やはりローライ35はドイツ製の需要が多いようで、多くの個体が販売用メンテナンスで送られて来ます。初期型の中でもこの個体は非常に保存状態が良いです。使用頻度も少ないようで外観の劣化も殆んど見当たりません。
ギヤなどはすべて金属製の頃です。巻上げの感触は以後の樹脂製とは少し異なりますね。感触的には樹脂製の方が滑らかです。
巻上げレバーアテの劣化は仕方ありませんので交換をしておきます。
ファインダー清掃、スローガバナー、各軸受けの洗浄注油をしておきます。

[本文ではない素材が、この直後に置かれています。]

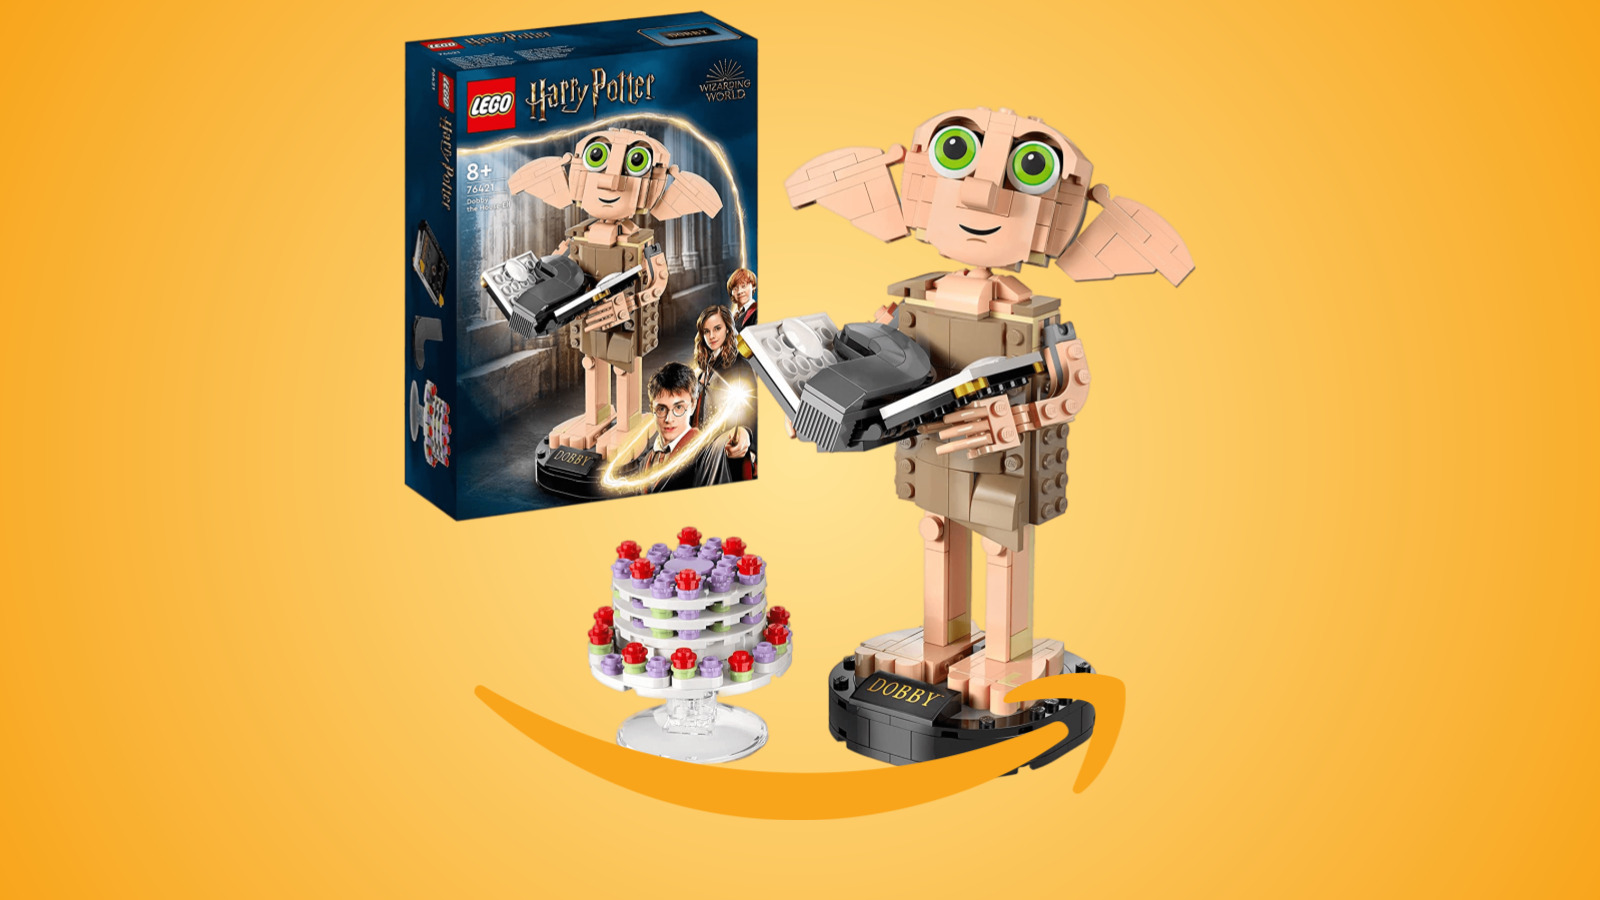 Harry Potter: il set LEGO di Dobby l’elfo è in offerta su Amazon

巻上げギヤは歯数の多いタイプです。
問題はフィルムカウンターが22枚以上進まないこと。この22枚と言うのがミソで、これ以上になると駒数板のリターンスプリングの張力が強くなってギヤを留める爪の力が負けて進まないのです。ローライ35系はB35(C35)のフィルムカウンター機構も同様に樹脂部品が使われているため、計時劣化で設計強度が出なくなっていて不具合となるのです。初期型は補助の板バネが追加されていません。
で、私のところにも手持ちの板バネが無くなりましたので、今回は製作して取り付けます。本来は鋼板製ですがリン青銅で作ります。画像は大よその寸法に切り出した状態。これを精密ヤスリで正確に仕上げていきます。しかし、毎回これはきついので、どなたか製作してくれないかなぁ・・
レンズは初期型を考慮すると満点です。しかし、ヘリコイドグリスは抜け気味ですので交換してあります。距離リングをftからmにしておきます。
1台目は完成。2台目のドイツ製はあまり良くありません。アメリカで修理を受けた修理店のシールが貼ってあります。トップカバー裏側の化粧ネジが前面のシャッターと絞りダイヤルに使われている少し大きいネジが使われています。流石にアバウトな修理です。
こちらの露出計はCdsの劣化があり、メーター指示が不良でしたので汎用のCdsと交換しておきました。
ここのところにはフィルムの切れカスが貼り付いていることが多いです。アイドラーギヤは固着気味です。
ファインダー、スローガバナーなどのメンテナンスを終了しました。巻上げレバーアテは交換してありますが、彫刻文字の色が抜けています。
前面も抜けていましたので両方入れ直しておきます。
次はシャッターに掛かるよ。基本的に悪くはないユニットですがレンズにカビとチリの付着あり。その他、ヘリコイドグリスが劣化していますので交換しておきます。
シャッターユニットを鏡胴に取付けようと思ったら、沈胴が下向きで下降してしまうほどではないですが、ちょっと気になる緩さ。どうしようかな? やっぱり分解します。フェルトの厚みを調整して再組立をします。
トップカバー裏側の化粧ネジが大きい。これは前面のダイヤル用のネジが使われていますので、なけなしのストックと交換しておきました。しかし、アメリカのROLLEIサービスで修理を受けているのに、このネジはないよね。
「Rollei 35」の色入れは追加補修と思いましたが、パラパラと剥離をして来るので全て剥離の上、プライマーを塗布してから塗料を入れてあります。その他、距離指標部分の色も直してあります。手間の掛かる個体でしたが良い状態に仕上がったと思います。